The various implementations illustrated and described are provided merely as examples to illustrate various features of the claims. However, features shown and described with respect to any given implementation are not necessarily limited to the associated implementation and may be used or combined with other implementations that are shown and described. Further, the claims are not intended to be limited by any one example implementation.

The term “coupled” disclosed in this description may encompass both direct and indirect coupling. Thus, first and second parts are said to be coupled together when they directly contact one another, as well as when the first part couples to an intermediate part which couples either directly or via one or more additional intermediate parts to the second part. The term “connects” or “connected” disclosed in this description encompasses a direct connection between components. The term “substantially” or “about” may encompass a range that is largely, but not necessarily wholly, that which is specified. It encompasses all but a significant amount.
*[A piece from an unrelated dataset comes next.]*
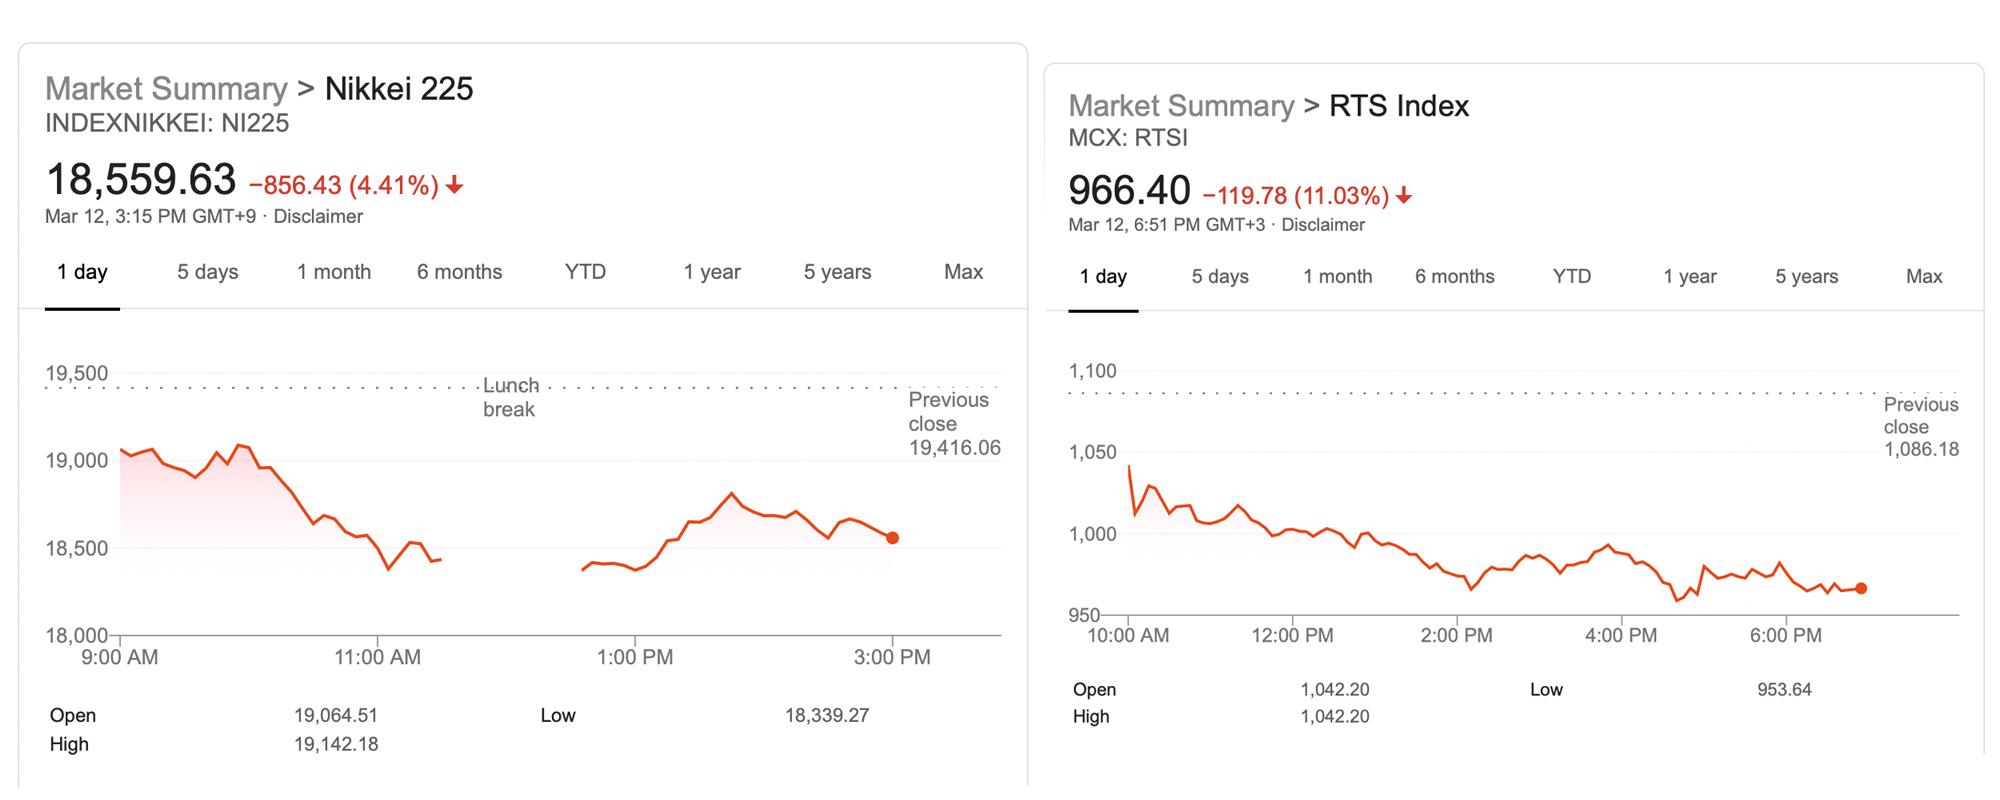 """Se probaron los mercados de oro y bitcoins, mientras que los bancos centrales intentan sofocar el ancho de la """"desviación del mercado de valores"""" = """"2000"""" height = """"800"""" srcset = """"https://blackswanfinances.com/wp-content/uploads/2020/03/japanrussia.jpg 2000w, https://news.bitcoin.com/wp-content /uploads/2020/03/japanrussia-300x120.jpg 300w, https://news.bitcoin.com/wp-content/uploads/2020/03/japanrussia-1024x410.jpg 1024w, https://news.bitcoin.com /wp-content/uploads/2020/03/japanrussia-768x307.jpg 768w, https://news.bitcoin.com/wp-content/uploads/2020/03/japanrussia-1536x614.jpg 1536w, https: // noticias .bitcoin.com / wp-content / uploads / 2020/03 / japanrussia-696x278.jpg 696w, https://news.bitcoin.com/wp-content/uploads/2020/03/japanrussia-1392x557.jpg 1392w, https : //news.bitcoin.com/wp-content/uploads/2020/03/japanrussia-1068x427.jpg 1068w, https://news.bitcoin.com/wp-content/uploads/2020/03/ja panrussia-1050x420.jpg 1050w, https://news.bitcoin.com/wp-content/uploads/2020/03/japanrussia-1920x768.jpg 1920w """"tamaños ="""" (ancho máximo: 2000px) 100vw, 2000px"""

When devices or components of the delta sigma modulator are responsive to events, the actions and/or steps of devices, such as the operations that other devices are performing, necessarily occur as a direct or indirect result of the preceding events and/or actions. In other words, the operations occur as a result of the preceding operations. A device that is responsive to another requires more than an action (i.e., the device's response to) merely follow another action.

The preceding description of the disclosed implementations is provided to enable any person skilled in the art to make or use the present disclosure. Various modifications to these implementations will be readily apparent to those skilled in the art, and the generic principles defined herein may be applied to some implementations without departing from the spirit or scope of the disclosure. Thus, the present disclosure is not intended to be limited to the implementations shown herein but is to be accorded the widest scope consistent with the following claims and the principles and novel features disclosed herein.